Y las eternas partidas de perras juaoras y chavos, lanzando monedas con la precisión de quien apuesta algo más que dinero: su dignidad de niño. No había monitores. Ni tiempo de pantalla. Ni «experiencias inmersivas». Éramos nosotros. Los chiquillos del pueblo en las calles o al encuentro de rincones inverosímiles, que tenían cierta magia, ademas de convertirse en lugares de encuentro a distancia de los «mayores».
Y es que quizá no recordamos cuan necesaria era y es la intimidad. Y el juego una excusa para aprender a convivir. Jugar no era perder el tiempo. Hoy la psicología lo explica: jugar es ensayo vital. Es el primer laboratorio del alma. Jugábamos a negociar, a competir, a cooperar, a engañar (y que nos perdonen), a llorar si perdíamos y a saborear la victoria cuando, sobre todo, no nos la esperábamos. Había que inventar las normas, respetarlas, adaptarse, resistir la frustración. Sin saberlo, nos entrenábamos para vivir.
Hoy todo viene dado. Las reglas las impone un algoritmo. Las partidas tienen música de fondo y botón de reinicio. Nosotros teníamos otra cosa: presencia. No existía la distracción constante. Jugábamos con el cuerpo entero. Con el corazón expuesto.

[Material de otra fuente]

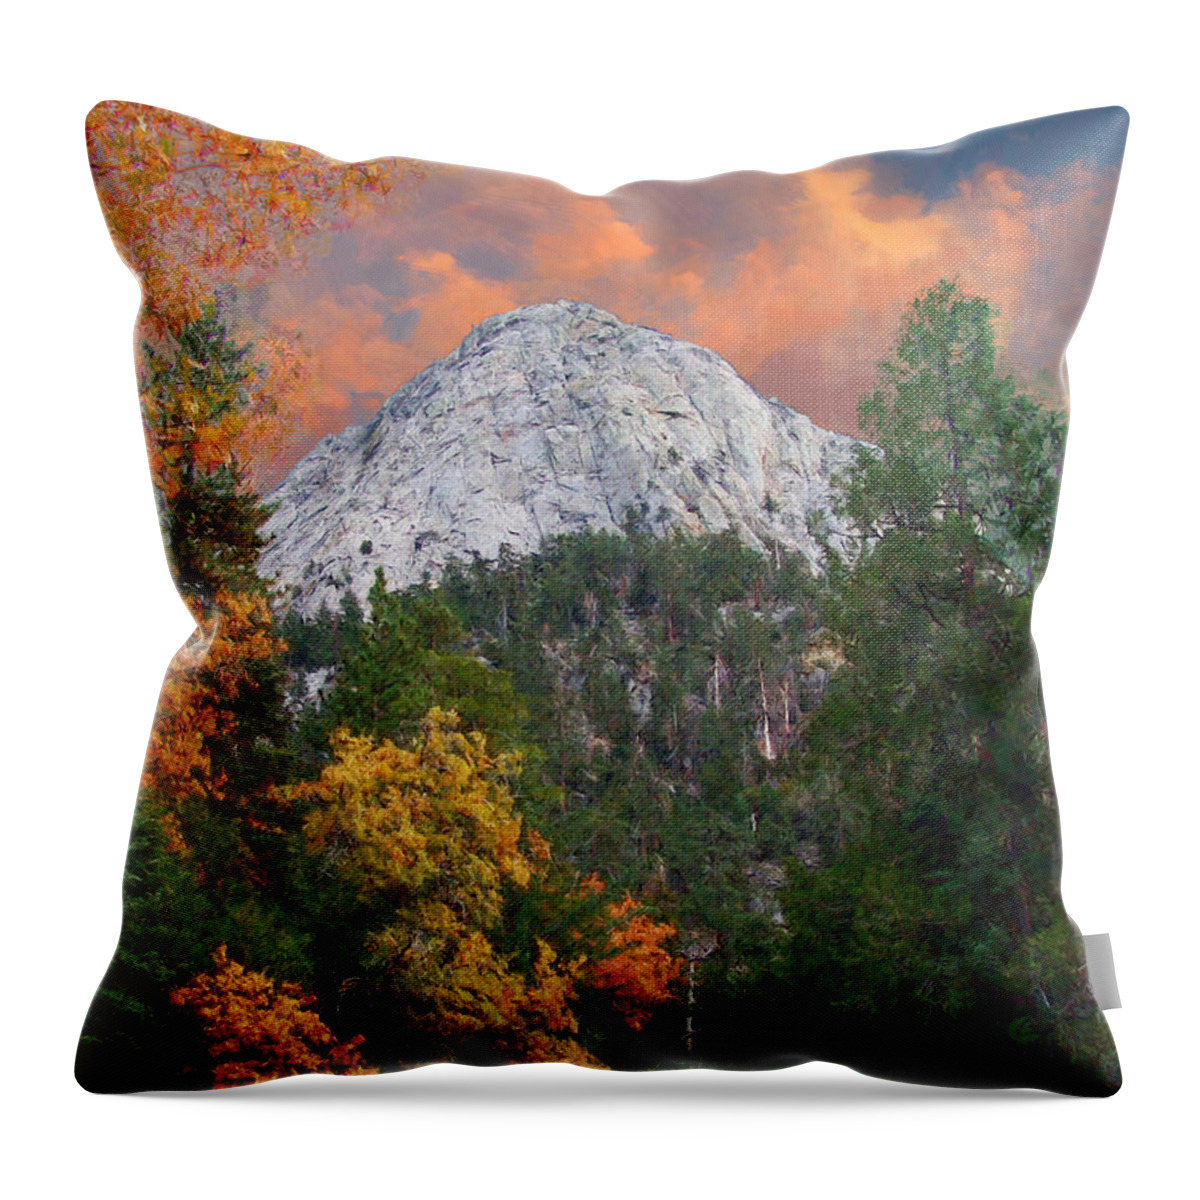 Tahquitz Peak Throw Pillow featuring the digital art Tahquitz Peak - Lily Rock Painted Version by Glenn McCarthy Art and Photography

En Pascua, con la mona y las batallas rituales: Y si la infancia tenía su magia, la Pascua era su clímax.Tras pasturar la mona, con la barriga llena de huevo duro, pasta, longaniza de Pacua y anisetes, empezaba la verdadera batalla: la de los juegos de fuerza, de resistencia, de risa salvaje. El «Churro va» era un pacto físico. Una alianza de cuerpos y de confianza. «Yo me doblo, tú te lanzas, tú sostienes, y nadie se cae». Jugábamos a la cuerda, a arrancar al compañero con toda la fuerza del cuerpo… y del alma. Y luego ese otro juego, sin nombre, que no logro recordar –¿arranca sebollas?–. Nos cogíamos fuerte. Hacíamos piña. Otro grupo intentaba deshacernos, arrancarnos, romper lo que habíamos formado. Y había algo hermoso ahí: resistir juntos. Como un todos a una. Como símbolo.Esos juegos no eran sólo entretenimiento. Eran ritos de cohesión. Ensayos para la vida adulta. Pruebas de identidad.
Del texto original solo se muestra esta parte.